Best in autumn

I am barely enthused by autumn foliage colors, knowing the next step is that leaves drop for months until spring’s first growth. But, leaf colors do weigh in favoring one Japanese maple over another. Undoubtedly, the fern leaf full moon maple (Acer japonicum ‘Aconitifolium’, below) is the best of the lot. Today, after several frosts and three freezes, is its peak.

Some Japanese maples vary in color year to year, and certainly the fern leaf does, but it is always marvelous and always the best in the garden. If pressed, there are maples I favor more overall, but not for autumn foliage color.

A surprise this autumn is the leaf color of the ‘Atrolineare’ maple (above and below) that hangs over the pond by the deck. This Japanese maple is distinctive for its deeply cut, linearilobum leaves, but this season its color is splendid, more so than I can recall with a red much deeper than through spring and summer.

The brilliant colors of Japanese maples in spring often fade in summer’s heat, and then intensify in autumn’s first cold. Red leafed ‘Bloodgood’ and ‘Crimson Queen’ maples (below) often fade significantly, but October brings back their amazing colors that persist for weeks after neighboring trees have shed their leaves.

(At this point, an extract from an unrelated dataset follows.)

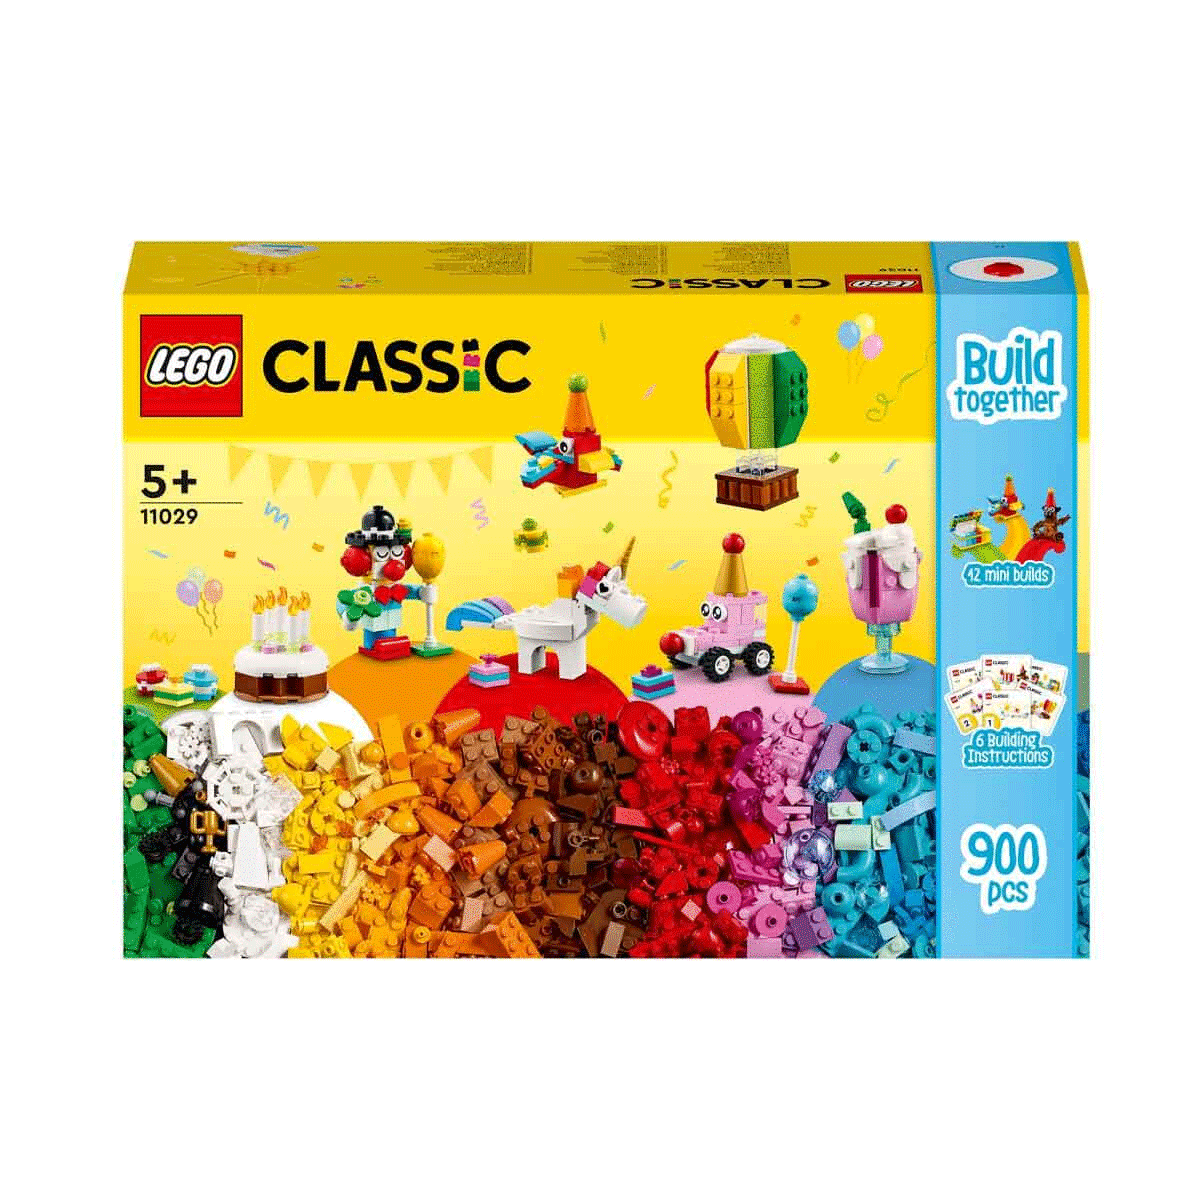 11029 LEGO® Classic Yaratıcı Parti Kutusu 900 parça +5 yaş

Autumn color of ‘Bloodgood’ often deepens in November, but it doesn’t seem like that will happen this year.

While red leafed Japanese maples are expected to turn a deeper shade of red in autumn, the colors of several green leafed maples are exceptional. In the first week of November, ‘Seriyu’ has not reached its peak color. The canopy of two upright, laceleaf ‘Seriyu’ maples extends over the front walk and the driveway. I am occasionally upset when a tall delivery truck knocks out a few branches, but these are usually small and make only a minor dent in the beautiful maple with foliage that peaks in color by the second week of November.

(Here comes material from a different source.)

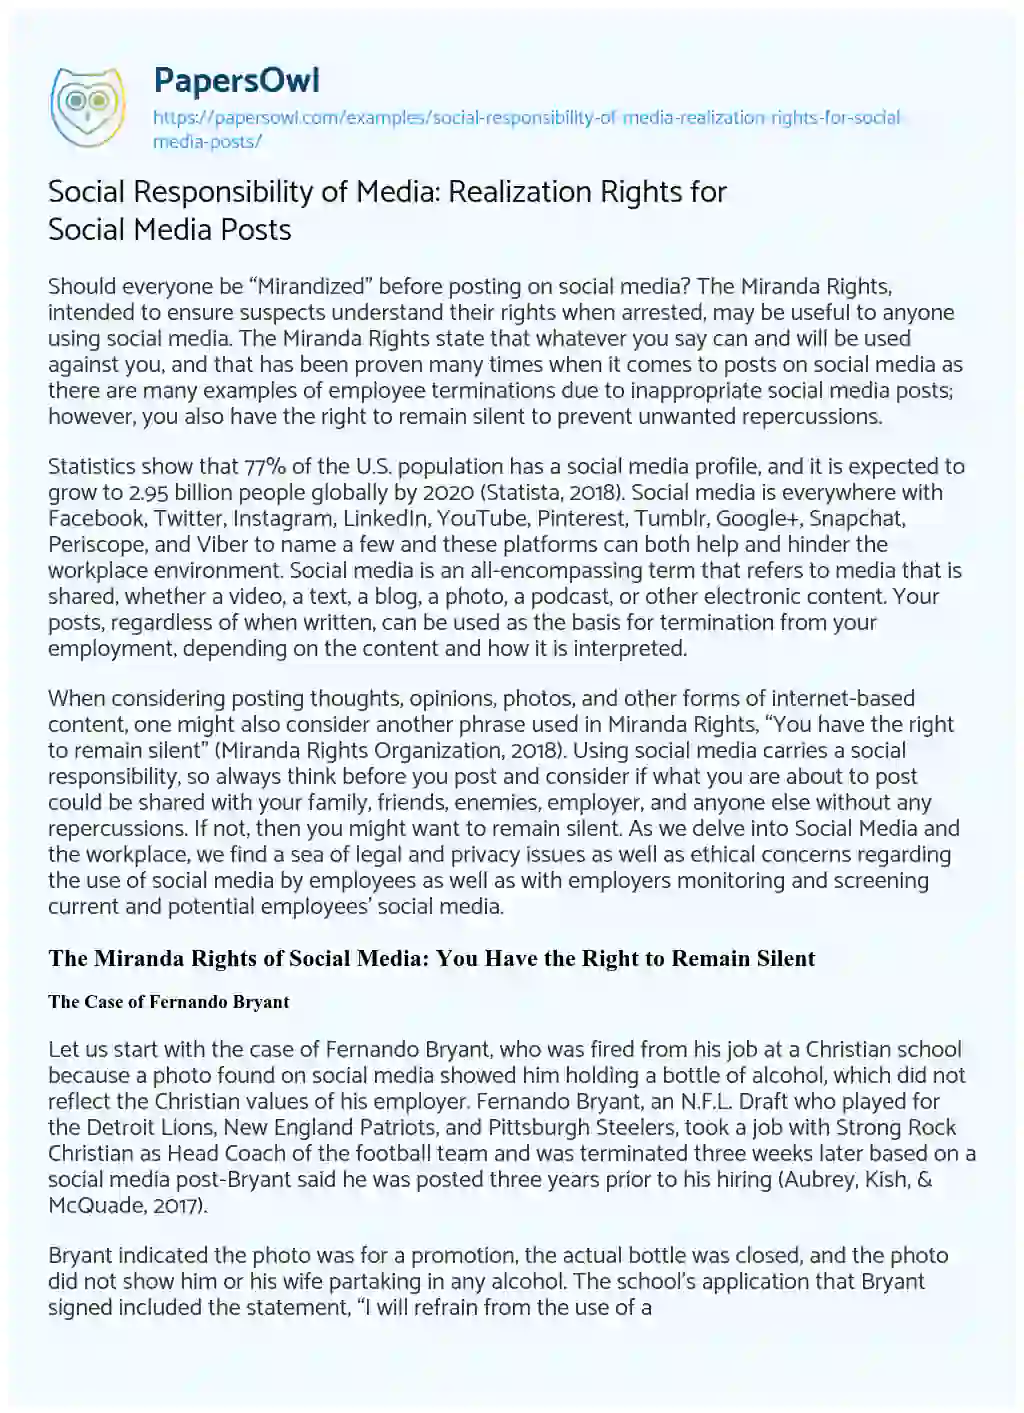 Essay on Social Responsibility of Media: Realization Rights for Social Media Posts

The laceleafed, upright growing ‘Seriyu’ overhangs the front walk with colorful leaves long in autumn.

A green leafed linearilobum Japanese maple (above) turns to yellow in autumn. The color would be better if not for areas of browned leaves.

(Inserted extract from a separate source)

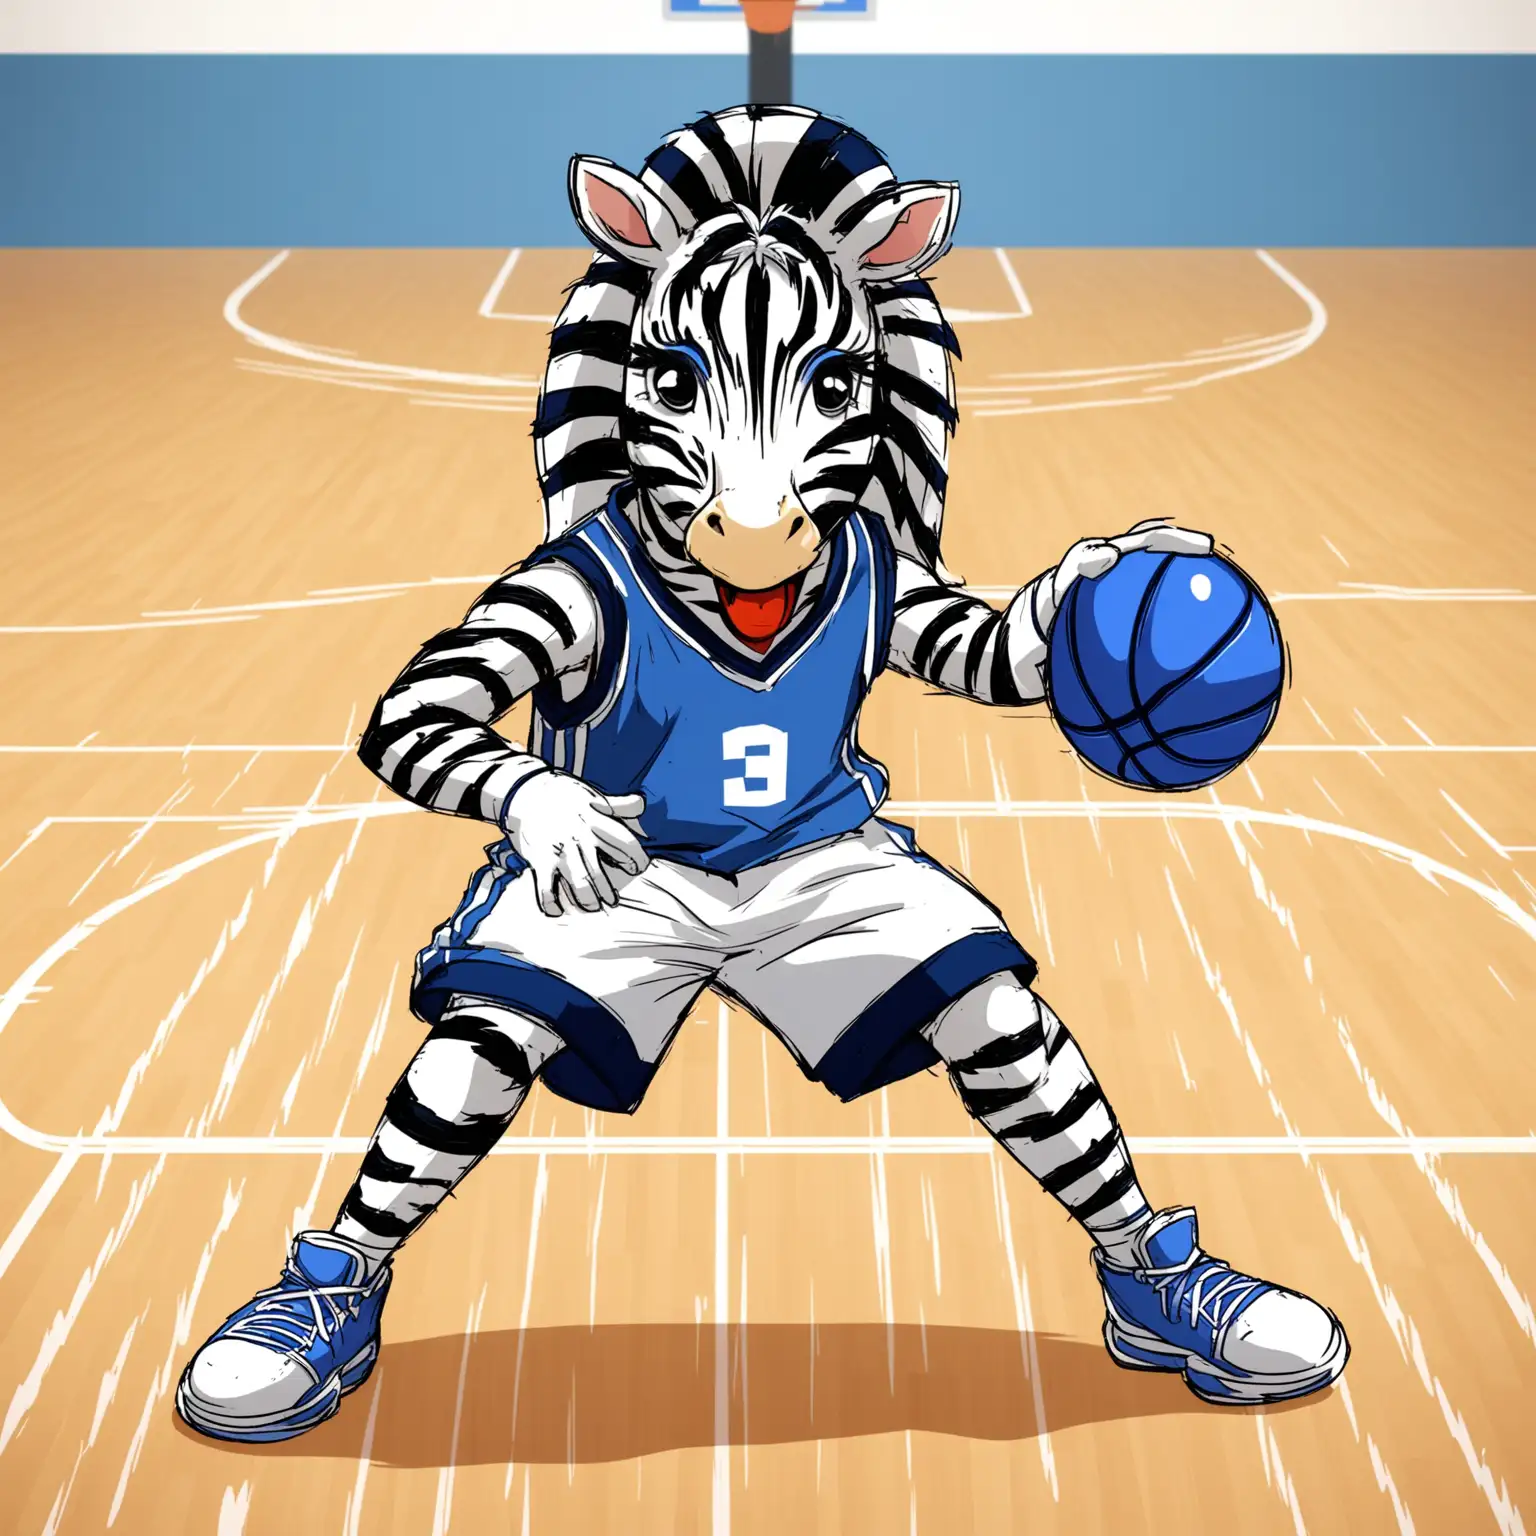 Create anime zebra type cartoon character playing basketball on basketball court, wearing white, blue, and navy blue basketball uniform

A partially shaded ‘Burgundy Lace’ maple varies little from summer into autumn without bright sunlight.

A green leafed ‘Viridis’ Japanese maple stands out with its yellow coloring.

4 Comments Add yours

  1. The English gardener says:

    Gorgeous! I’m also enjoying my JPs as they provide color in a bland autumn garden.

    1. Dave says:

      For whatever reason, yesterday was the day that Bloodgood and other trees decided to drop leaves all at once. The garden is at least ankle deep in leaves now, with more to come, and thankfully most of the Japanese maples are still holding on.

  2. Mary Barker says:

    It’s so impressive that you can recall the varieties of each of your Japanese maples. What is your secret?
    I’ve recently been labeling mine; a task I wish I would’ve started many years ago.
    This “Ramble” has inspired me to check out my maples’ foliage further!
    Thank-you for the inspiration!

    1. Dave says:

      My memory is not so impressive. I remember some things and some plants, but I blank out on many just like everyone else. There are 35+ Japanese maples in the garden and while walking through I can probably remember twenty without consulting my little notebook where names of new varieties are added. I do not have a design of the garden marking individual plants, and while I’ve long thought about it, only a few plants are tagged with names. As is often the case, I have a selective memory. I conveniently forget many things.